Chapter 1 Introduction

This report partially fulfills the requirements for the HarvardX course PH125.9x: “Data Science: Capstone”. The objective of this process is to build a movie recommendation system using the MovieLens dataset. The 10M version (GroupLens 2009) of this dataset was used for this project.

Using the code provided by the course, the 10 million records of the MovieLens 10M dataset are split into the edx partition, for building the movie recommendation system, and the validation partition, for evaluating the proposed system. The validation dataset contains roughly 10 percent of the records in the MovieLens 10M dataset. The code for generating these two datasets is provided below:

##########################################################
# Create edx set, validation set (final hold-out test set)
##########################################################

# NOTE: this code was modified from the course-provided version for speed.

# MovieLens 10M dataset:
# https://grouplens.org/datasets/movielens/10m/
# http://files.grouplens.org/datasets/movielens/ml-10m.zip


# STEP 1: download and unzip 'ml-10m.zip' as necessary

if(!dir.exists("ml-10M100K")) dir.create("ml-10M100K")
dl <- "ml-10M100K/ratings.zip"
if(!file.exists(dl))
  download.file("https://files.grouplens.org/datasets/movielens/ml-10m.zip", dl)
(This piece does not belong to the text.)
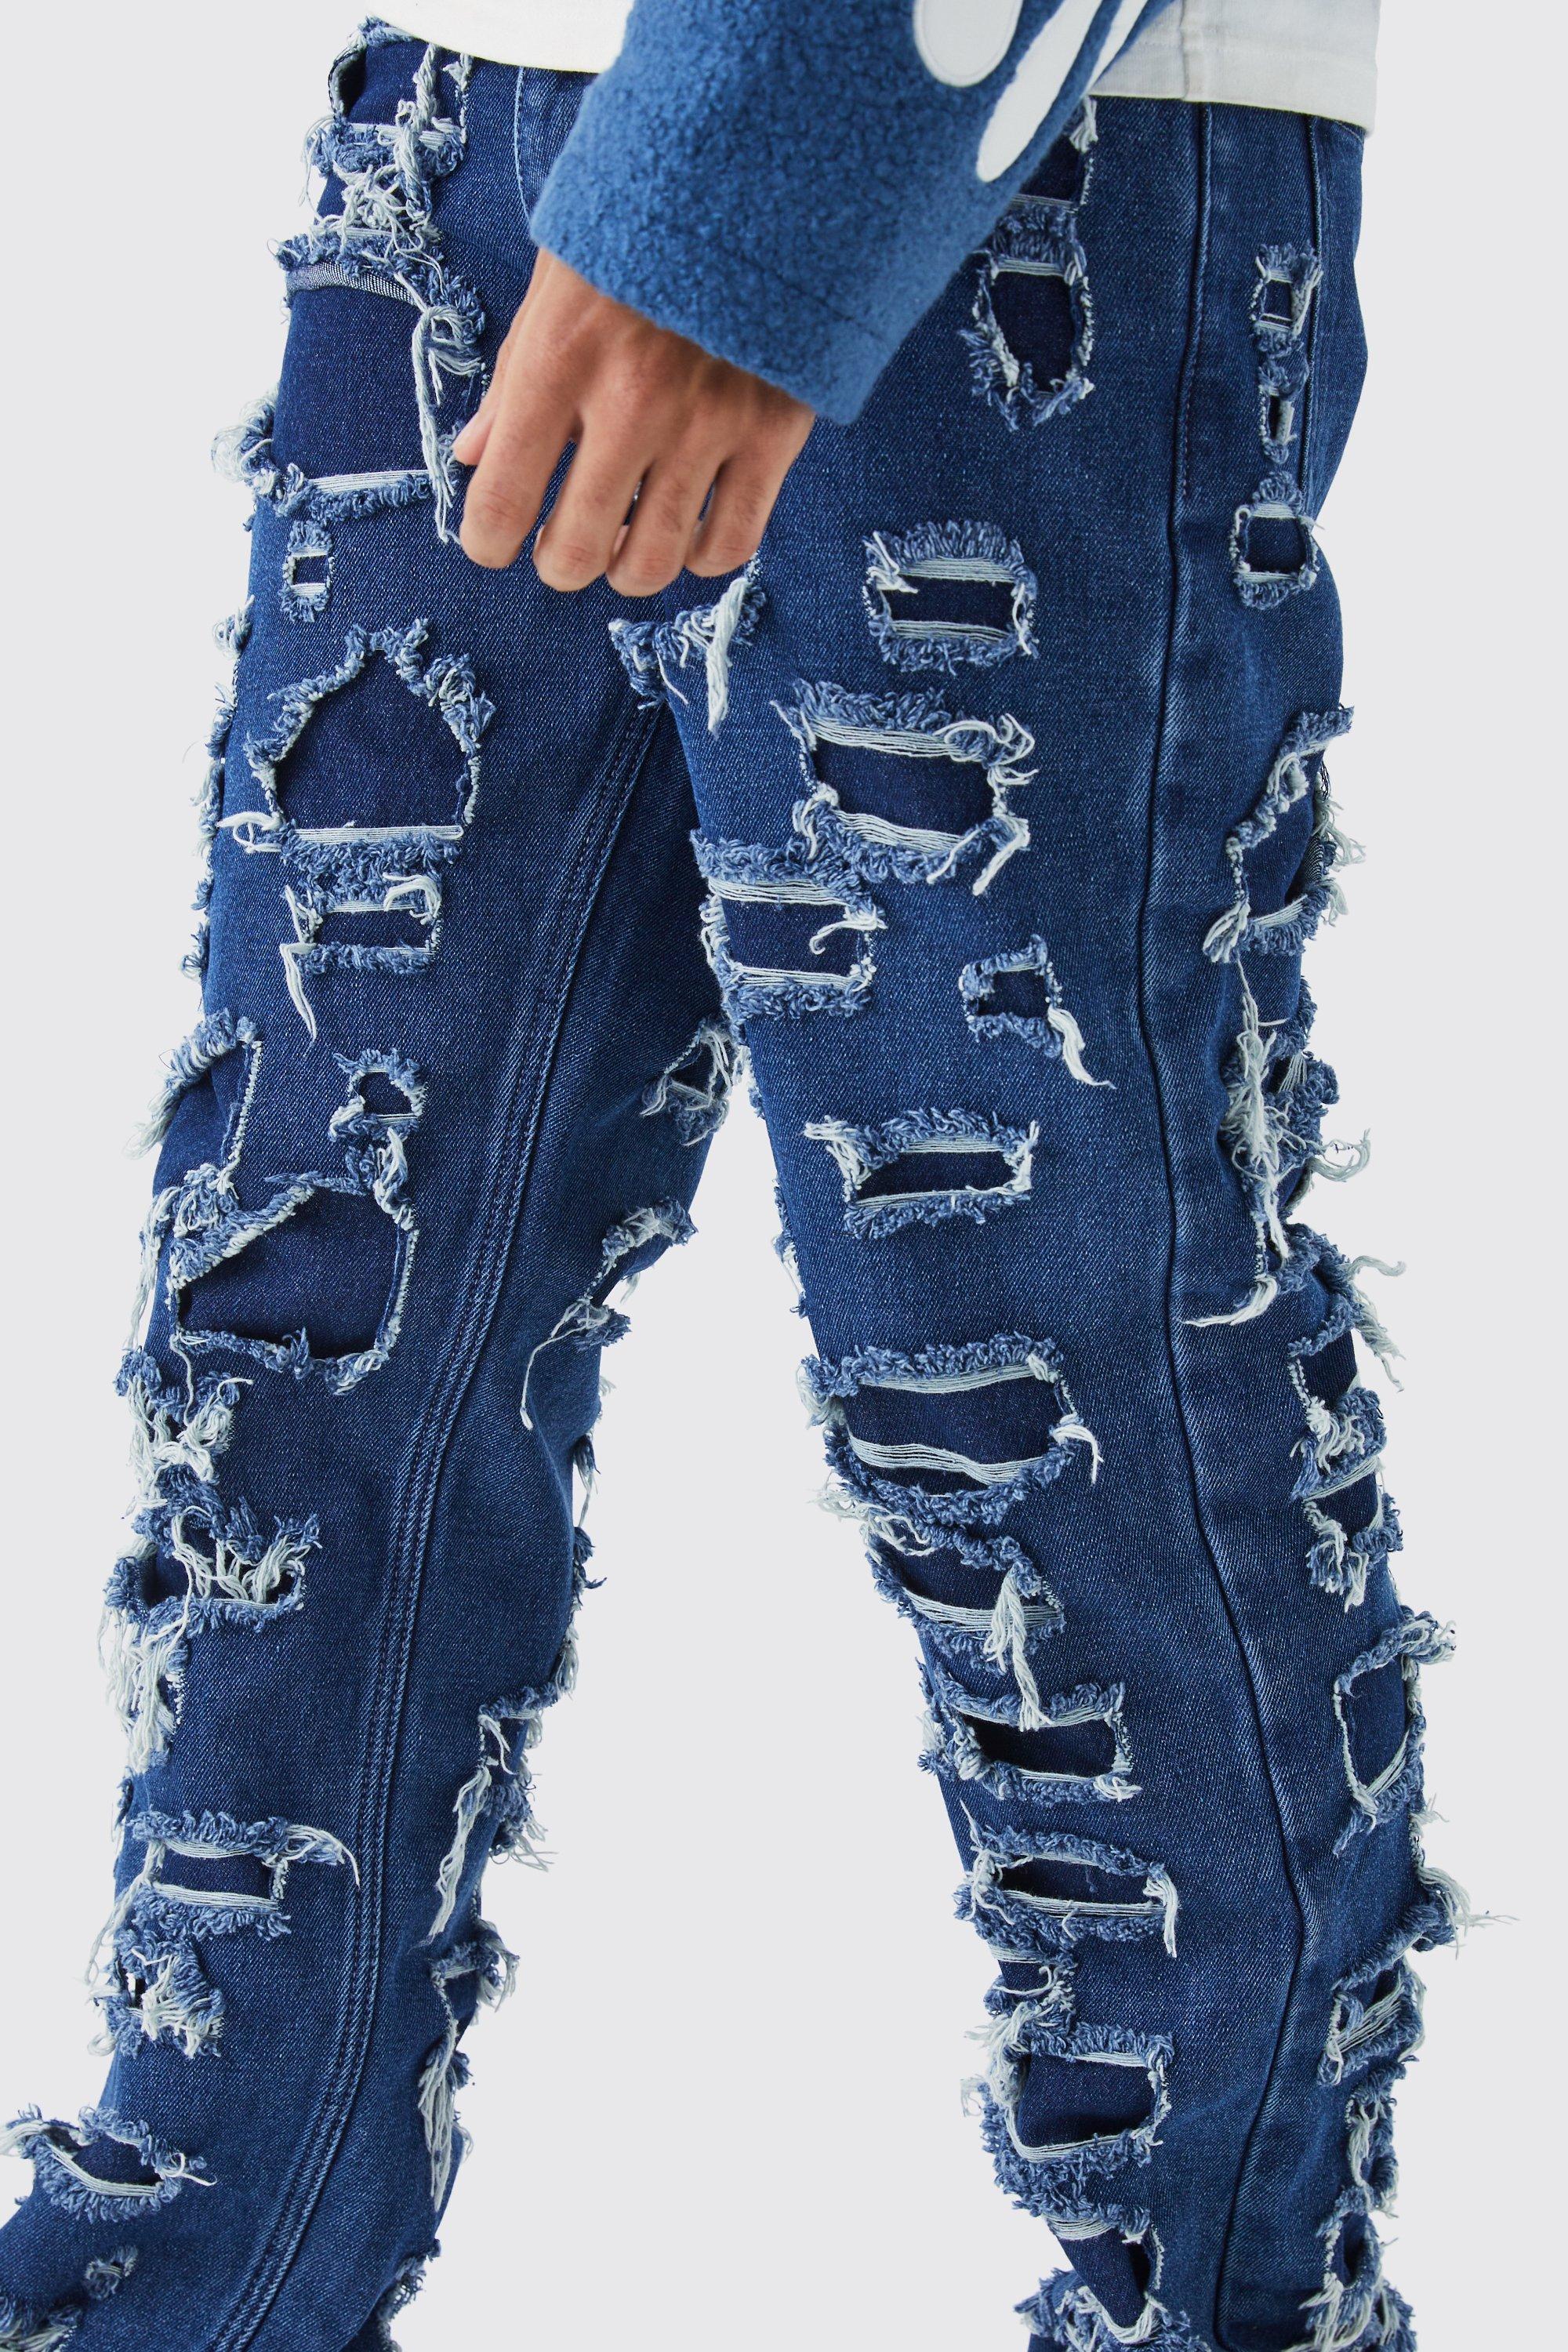 https://media.boohoo.com/i/boohoo/bmm52556_dark%20blue_xl_2/male-dark%20blue-relaxed-rigid-extreme-ripped-jeans

ratings_file <- "ml-10M100K/ratings.dat"
if(!file.exists(ratings_file)) unzip(dl, ratings_file)

movies_file <- "ml-10M100K/movies.dat"
if(!file.exists(movies_file)) unzip(dl, movies_file)


# STEP 2a: Load the ratings file.  This file is delimited using double colons.

ratings <- str_split(read_lines(ratings_file), fixed("::"), simplify = T) |> 
  as.data.frame() |> 
  set_colnames(c("userId", "movieId", "rating", "timestamp")) |>
  mutate(userId = as.integer(userId),
         movieId = as.integer(movieId),
         rating = as.numeric(rating),
         timestamp = as_datetime(as.integer(timestamp)))


# STEP 2b: Load the movies file.  Again, this file is delimited using double colons.
movies <- str_split(read_lines(movies_file), fixed("::"), simplify = T) |> 
  as.data.frame() |> 
  set_colnames(c("movieId", "title", "genres")) |>
  mutate(movieId = as.integer(movieId))


# STEP 3: Join the `ratings` and `movies` data tables and save to `movielens`.
movielens <- left_join(ratings, movies, by = "movieId")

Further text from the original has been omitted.